The generated molecules exhibit a molecular weight range of 300 to 500 Daltons, with an average molecular weight of 400 Daltons. This distribution is relatively uniform, with no significant clustering or deviation. The molecules encompass a variety of structural scaffolds, including aromatic rings, heterocycles, and fused rings, indicating effective exploration of diverse chemical spaces during the generation process. Furthermore, these molecules feature an array of functional groups, such as hydroxyl, amino, and carboxyl groups, which are crucial for enhancing binding affinity and pharmacokinetic properties. To visualize the diversity of molecular structures, we employed Uniform Manifold Approximation and Projection (UMAP)[ 22 ] for our analysis. UMAP maps molecular structures onto a 2D plane based on their molecular fingerprints. As shown in Figure  3 , the molecular distributions generated by the various models exhibit significant similarity. Notably, the molecules produced by the PMMG model are able to cover the vast majority of the chemical space explored by other models, which aligns well with the diversity (div) results presented in Table 1, further confirming that the outcomes are not attributable to random chance. Overall, PMMG exhibits the capability to maintain molecular structural diversity while achieving excellent optimization performance.

Figure 3.

Figure 3

UMAP plot of molecules. a) The comparison of molecular distributions generated by the eight methods. b–i) The UMAP distribution maps of the molecules generated by PMMG, SMILES_GA, SMILES_LSTM, SMILES_VAE, REINVENT, Graph_GA, Graph_MCTS, and MARS, respectively.

In addition, the synthetic accessibility of molecules is a crucial factor when evaluating the practical applicability of generative models. In addition to assessing synthetic‐related properties such as QED and SAScore for the target molecules, we performed a deeper analysis using the retro‐synthetic tool AiZynthFinder,[ 23 ] which evaluates the synthesizability of each molecule and proposes feasible synthetic routes. For this evaluation, we randomly selected 100 molecules generated by each model and calculated the percentage of synthesizable molecules. This evaluation was repeated three times to ensure robustness. As shown in Table  2 , the average synthetic accessibility of molecules generated by PMMG reached 74.33%, second only to REINVENT, placing PMMG among the leading state‐of‐the‐art models. This result further highlights the practical utility of PMMG in real‐world scenarios.

Table 2.

Analysis of the synthesizability of model‐generated molecules using AiZynthFinder.

Method Synthesis Success Rate
PMMG 74.33 ± 2.03
SMILES_GA 45.67 ± 2.31
SMILES_LSTM 71.78 ± 1.09
SMILES_VAE 55.80 ± 1.33
REINVENT 76.34 ± 0.46
MARS 41.05 ± 1.53
Graph_GA 43.85 ± 1.16
Graph_MCTS 31.33 ± 0.87

Overall, PMMG's ability to generate molecules with a wide range of molecular weights and diverse structural features, while maintaining consistent quality under varying conditions, underscores its potential as a powerful tool for drug discovery. This capability to explore broad chemical space and produce stable, high‐affinity molecules positions it as a valuable asset in the development of new therapeutic agents.

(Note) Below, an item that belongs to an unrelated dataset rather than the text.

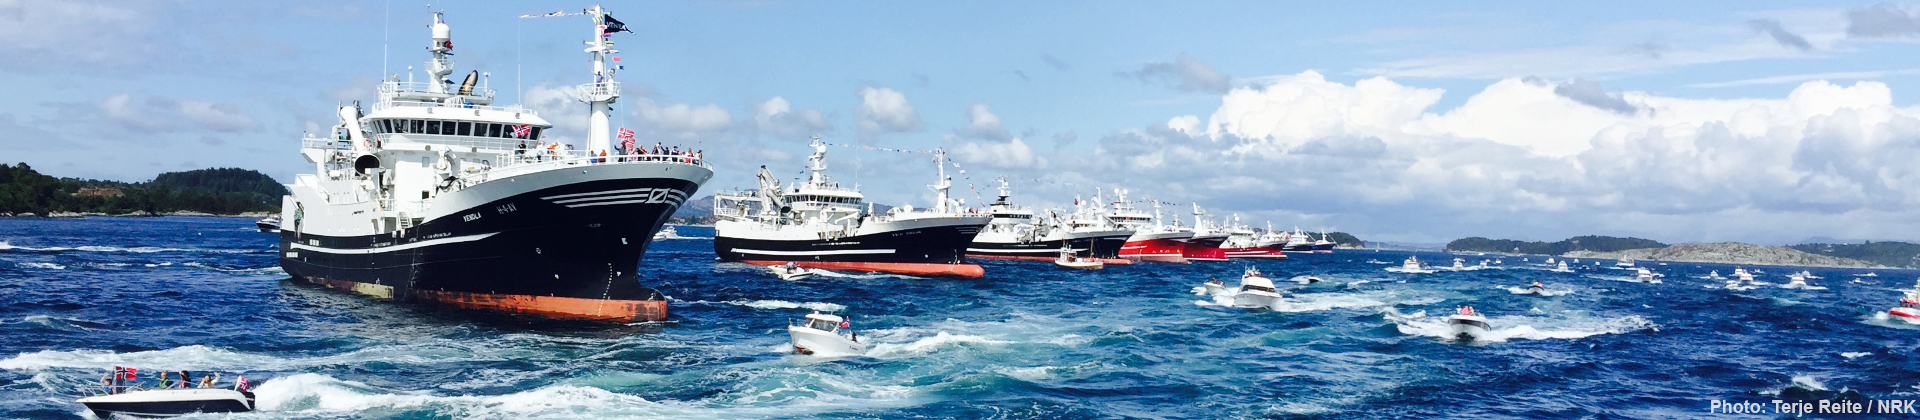 Fishing-vessels-Photo-Terje-Reite-NRK
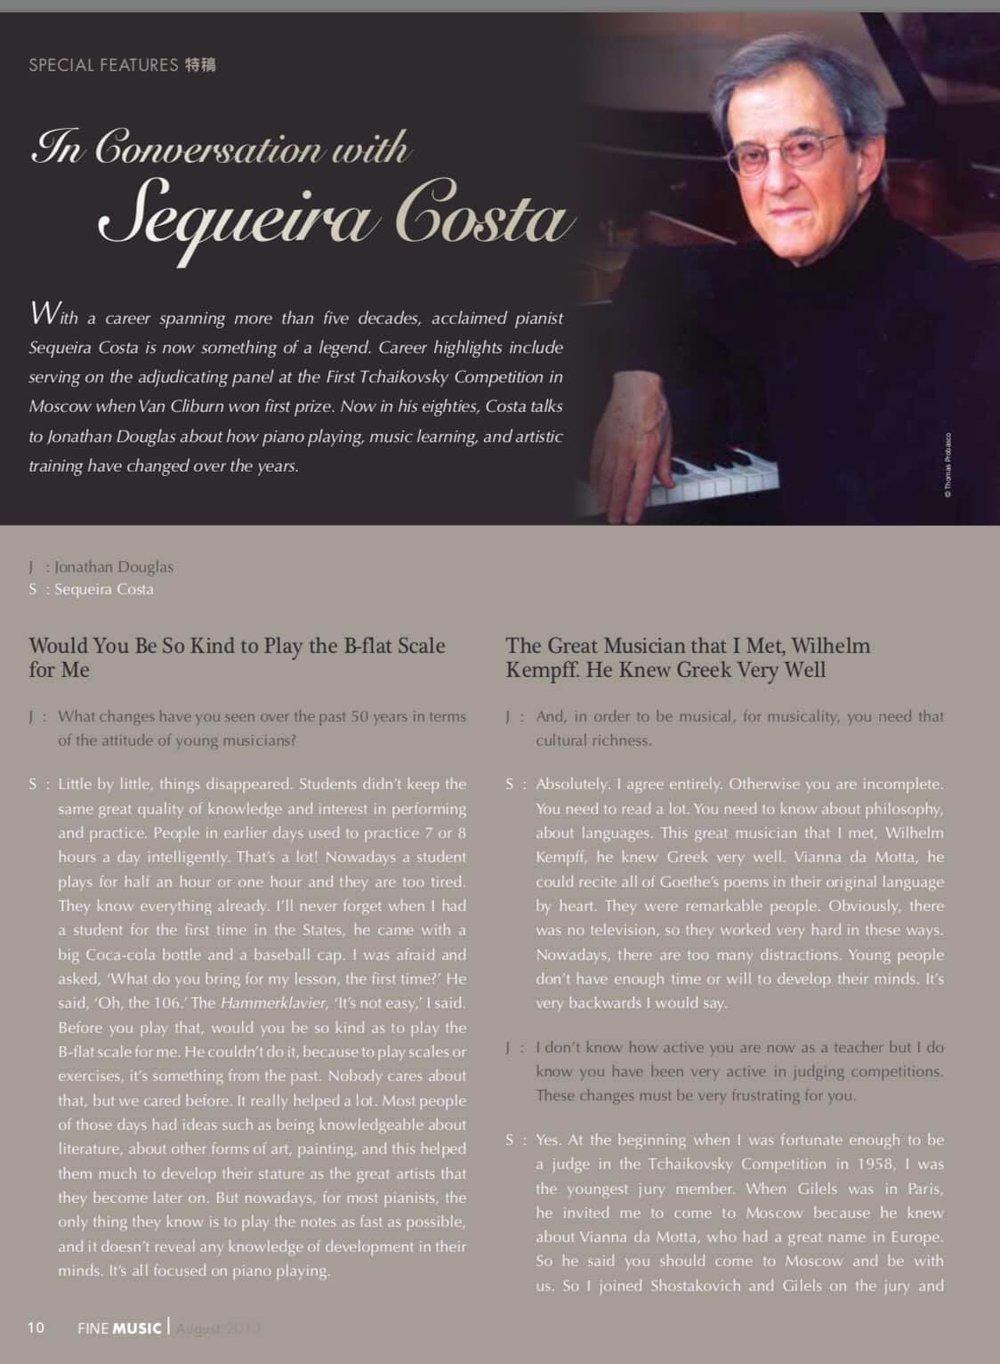 Sequeira Costa transcription 1.jpg

2.4. Property Analysis of Top‐Ranked Molecules

Furthermore, we analyzed the distribution of the top 500 ranked molecules produced by each method for each target, as shown in Figure  4 . Apart from SAScore, where methods like Graph_GA, Graph_MCTS, and MARS exhibit a more favorable distribution, PMMG demonstrates absolute superiority across most objectives, especially in terms of inhibitory activity against EGFR, metabolic stability, and QED. In summary, under the scenario of optimizing multiple targets simultaneously, PMMG consistently identifies molecules with more advantageous properties on individual targets, providing a partial explanation for the overall higher success rate of molecules from a single‐objective perspective.

Figure 4.

Figure 4

The distribution of the top‐ranked 500 molecules generated by each method on seven objectives. Each figure represents the property distribution of the top 500 molecules for each target: a) EGFR, b) Solubility, c) Metabolic Stability, d) Permeability, e) Toxicity, f) QED, and g) SAScore. In each figure, the vertical axis represents different methods, including PMMG and six baselines, and the horizontal axis represents the property distribution scores for the target. In the heatmap, the number in each cell indicates the number of molecules in that range, with darker colors representing higher numbers of molecules.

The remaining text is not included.